6. The method of claim 5, wherein the at least one second type of detail representation layer comprises L second type of detail representation layers and L is a positive integer greater than or equal to 2, and performing lossless encoding on the residual value of the attribute information of the at least one point in the second type of detail representation layer comprises:
- performing lossless encoding on residual values of attribute information of a first number of points in each of P second type of detail representation layers; and
- performing lossless encoding on residual values of attribute information of a second number of points in each of Q second type of detail representation layers;
- wherein P and Q each are positive integers and a sum of P and Q is less than or equal to L, the P second type of detail representation layers do not overlap with the Q second type of detail representation layers, and the first number is different from the second number.
7. The method of claim 6, further comprising:
- generating a bitstream, wherein the bitstream comprises first information and the first information is indicative of a point for which lossless encoding is performed on a residual value of attribute information.
8. The method of claim 7, wherein:
- the first information comprises flag information of the point for which lossless encoding is performed on the residual value of the attribute information;
- the first information comprises the number of points for which lossless encoding is performed on residual values of attribute information;
- the first information comprises the first number, the second number, and partition information of the P second type of detail representation layers and the Q second type of detail representation layers; or
- the first information further comprises flag information of a first point in the second type of detail representation layer for which lossless encoding is performed on a residual value of attribute information.
9. The method of claim 1, wherein performing lossless encoding on the residual value of the attribute information of the at least one point in the point cloud comprises:
- skipping the at least one point for which lossless encoding is performed on the residual value of the attribute information, in the process of quantizing the residual values of the attribute information of the points in the point cloud;
- setting a quantization step size of the at least one point for which lossless encoding is performed on the residual value of the attribute information to be 1; or
- setting a quantization parameter (QP) of the at least one point for which lossless encoding is performed on the residual value of the attribute information to be a target value, wherein the target value is a QP value corresponding to a quantization step size of 1.

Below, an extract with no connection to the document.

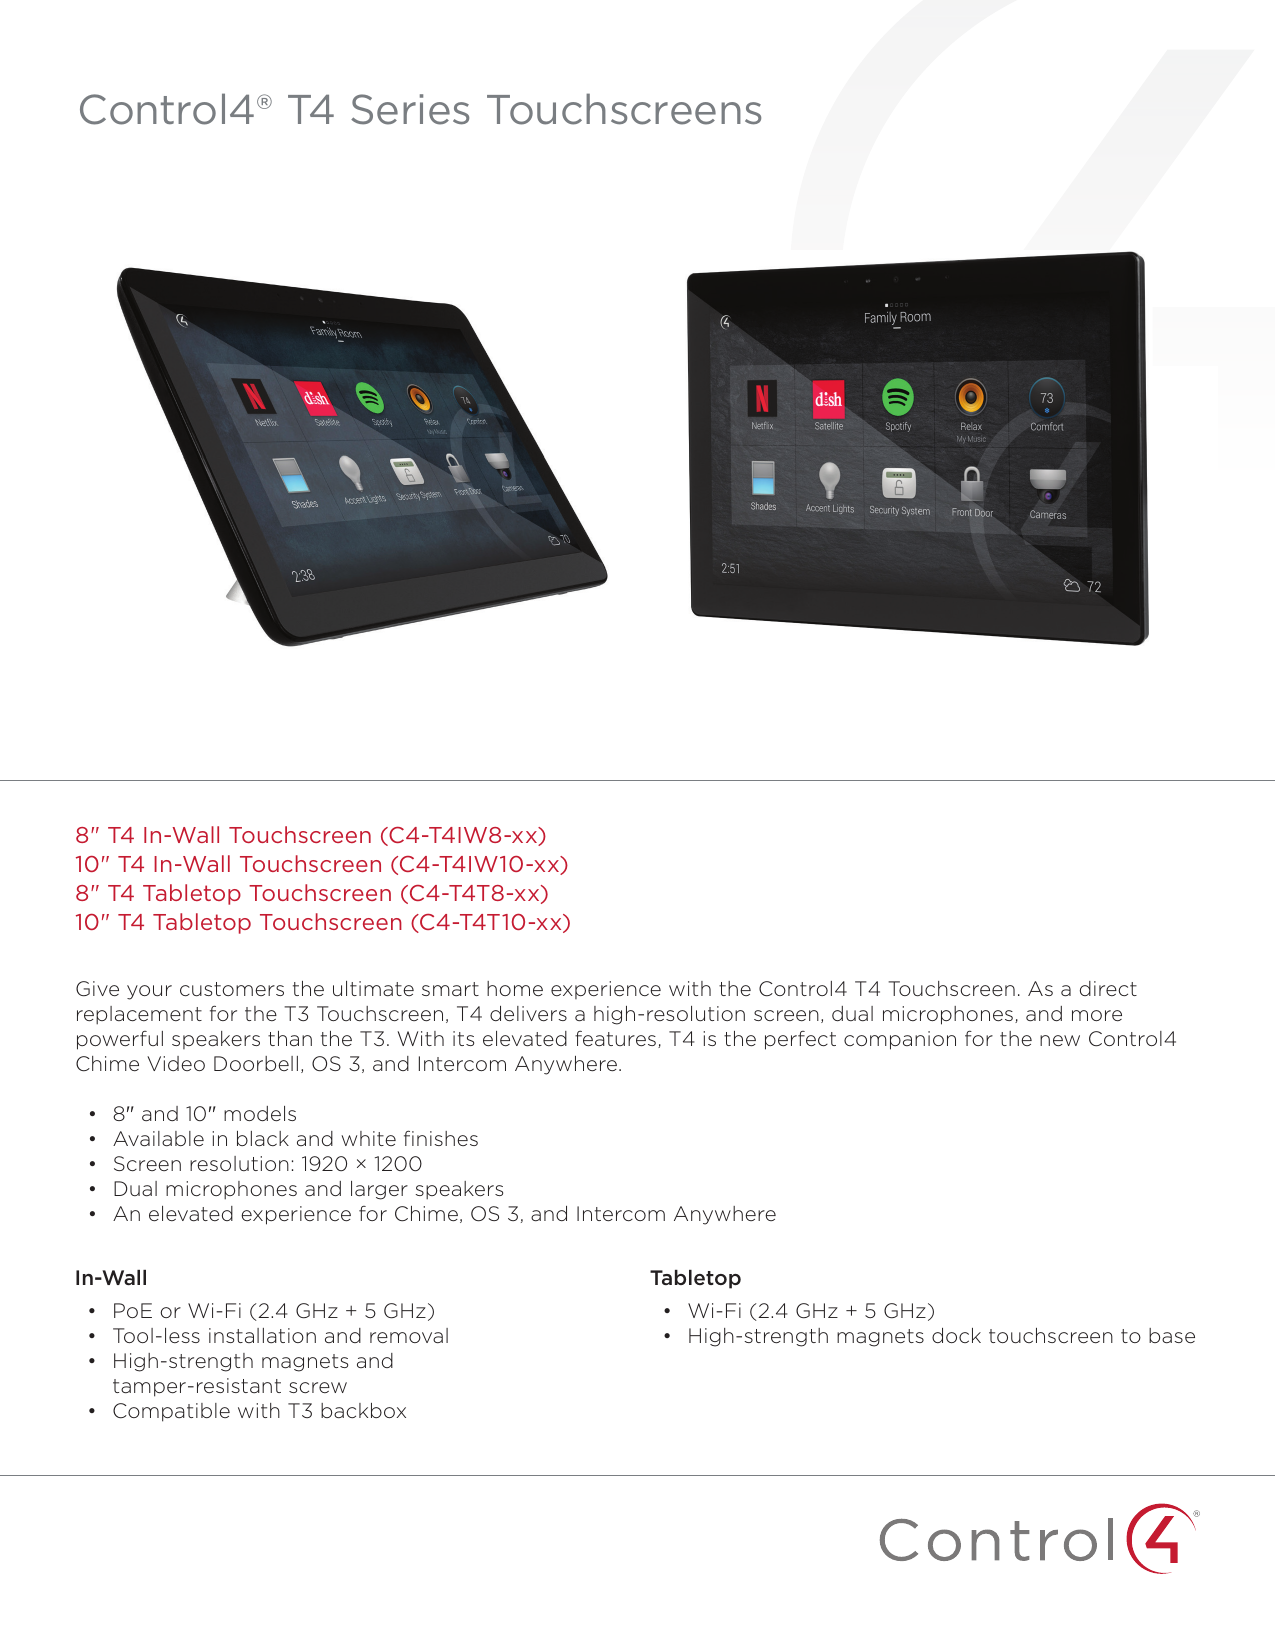 Control4 T4 Series Touchscreen Datasheet | Manualzz

10. A point cloud decoding method, comprising:
- decoding a bitstream of a point cloud to determine geometry information of points in the point cloud;
- determining prediction values of attribute information of the points in the point cloud according to the geometry information of the points in the point cloud;
- decoding the bitstream of the point cloud to obtain residual values of the attribute information of the points in the point cloud, the residual values comprising a residual value of at least one point of which the residual value of attribute information is determined to be subject to lossless encoding; and
- determining reconstructed values of the attribute information of the points in the point cloud according to the prediction values and the residual values of the attribute information of the points in the point cloud.
11. The method of claim 10, wherein decoding the bitstream of the point cloud to obtain the residual values of the attribute information of the points in the point cloud comprises:
- decoding the bitstream of the point cloud to obtain first information, wherein the first information is indicative of a point of which a residual value of attribute information is determined to be subject to lossless encoding;
- decoding the bitstream of the point cloud to obtain residual information of attribute information of a point to-be-decoded in the point cloud;
- determining whether the residual information of the attribute information of the point to-be-decoded in the point cloud is determined to be subject to lossless encoding according to the first information;
- determining the residual information of the attribute information of the point to-be-decoded as a residual value of the attribute information of the point to-be-decoded based on a determination that the residual information of the attribute information of the point to-be-decoded is determined to be subject to lossless encoding; and
- determining residual information of the attribute information of the point to-be-decoded after inverse quantization as the residual value of the attribute information of the point to-be-decoded based on a determination that the residual information of the attribute information of the point to-be-decoded is determined to be subject to lossy encoding.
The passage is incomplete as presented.